I grew up differently from everyone else I knew, my parents divorced when I was 4, and my brother and I lived with married relatives, (grandparents for a very short amount of time) for the next 5ish years until our father finally got temporary custody of us, and 2 years later permanant; 9 schools in 5 states; a lot of new people, frequently. It was the 70's, then the 80's, nobody knew about privilege and if they did it certainly wasn't acknowledged or talked about.
We were poor, maybe. Our power or phone was off at least once a year, we may have not had heating oil all of the time, we didn't have a television and therefore no need for cable. Vehicles were often broken down, and we were evicted 3 times at least. But my brother and I (and later a younger brother too) graduated from a private school, we read a lot of books, we went to orchestra and symphony performances, we listened to the opera on Saturday afternoon on public radio, went fishing, camping, and were shown an excellent work ethic, not financial savvy, but what we took away was what not to do, and that in itself is a pretty good lesson.
But all of that being said, we had privilege. We were white, in fairly wealthy communities. My father made friends easily, and these friends took us children into their homes, gave us birthday parties, bought us school clothes, and made sure our cupboard wasn't empty. My father remarried a younger woman, who worked hard and long hours, she made clothing for her and I, learned to cook and brought other cultural opportunities into our lives, including more musical genres. When I earned my drivers license, the first week of my senior year of high school, my parents had a car for me to use to be able to get to school and work, a car I didn't have to spend any more than maintenance and gas for the next 11 months. This is all privilege.
Being a female becoming an adult in the age of equal rights and affirmative action, especially in blue and green states, what a time of immense privilege. What I would like to say is that all of this privilege I appreciated, but no, I didn't even know to acknowledge this until many years later. In my 40's I got not 1, but 2 commercial loans for investment properties in my name only and even with having to prove myself a little more than a man may have had to, I finally became aware of the privilege I had been allotted, for my entire life.

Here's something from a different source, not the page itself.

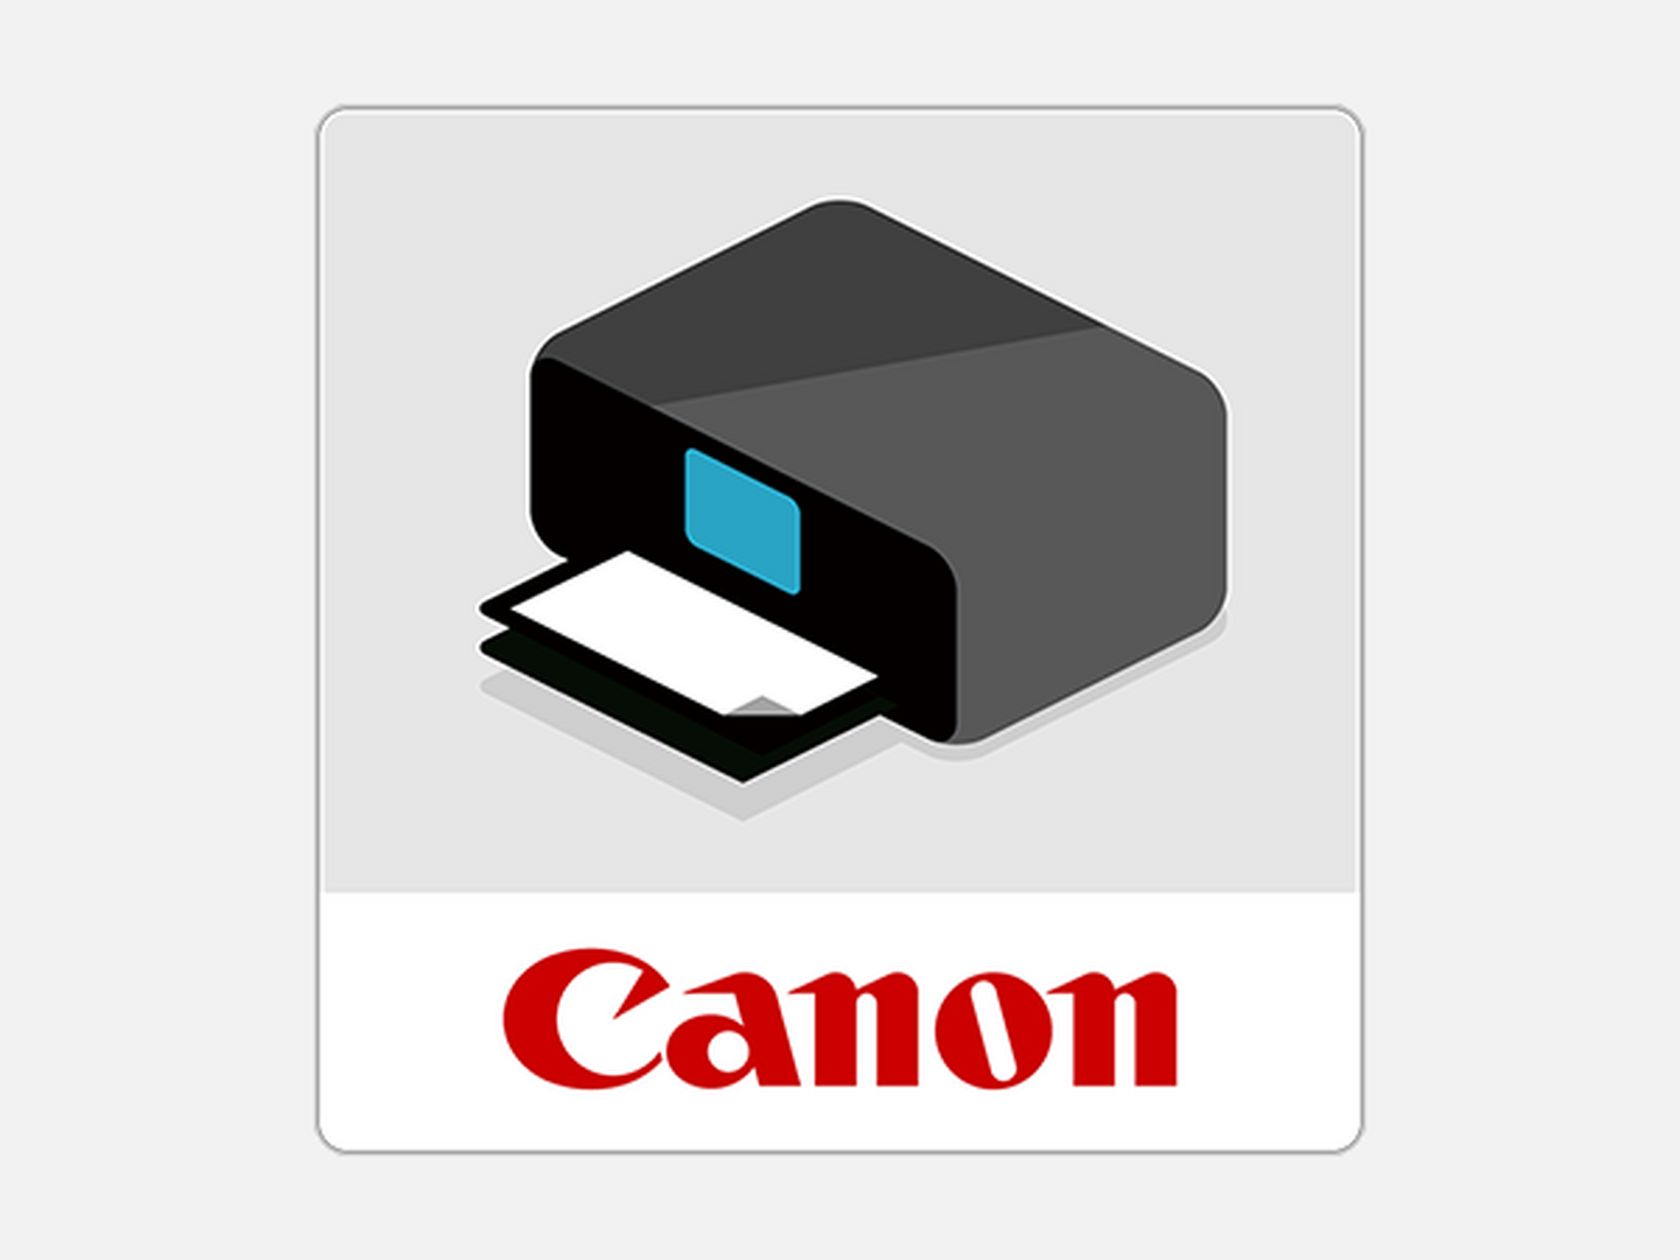 Canon Pixma TS3350 Multifunction Printer Black

So all of this brings me to Chevrolet. This company has an amazing advertising firm. They make tearjerking memorable end of the year commercials. In 2022 the holiday ad featured a family that lived somewhere that looked like Detroit or Chicago, I apologize as neither of these cities I have been to for any length of time, but this is where it appeared to be in the commercial to me. This family had the same one Chevrolet for their entire lifetime, through love, and some tragic losses. An older woman is in the Chevrolet and it won't start in the parking lot of a grocery store. Short version, a kind male neighbor fixes the car and brings it and all of the memories back to her.
The 2023 ad starts with a lovely house full of family and an elderly woman in a wingback chair alone, her granddaughter talks to her and they go out to a garage where a pristine Chevrolet pickup is under a tarp, she starts it and drives around town taking her grandmother down memory lane and prompting her to remember where she was and what activity was going on at home. During the drive all of the newer vehicles were around the town.
At first glance these are seemingly just heartfelt ads, but maybe there is more behind these. You see, all of the people in the first commercial, the woman that had the same car for 40-50 year, the neighbor and everyone else is black, and the large bustling multi generational family that had multiple vehicles, including a 50+ year old truck in a garage are white, this is what I observed and it started to bother me, and then I got a little angry. Why does it bother me so much? Because of the privilege exhibited in the 2023 ad campaign, and that privilege to Chevrolet seems to be only for white people in the suburbs.
So now its been a few weeks and my anger is now just simmering frustration. Frustration that more than one major corporation in this country can still be so blatantly racist, perhaps, because the 3 elderly women in the also tearjerking Amazon "sled" commercial are all white too. Only white people have the ability to order off the internet extra things for joy alone? And if I have only observed two obvious (to me) incidents how many more are out there? Flaunting privilege and giving putting people in categories of who can and who can't have the same opportunities or privilege.
So now that I have put this out there, what are your thoughts?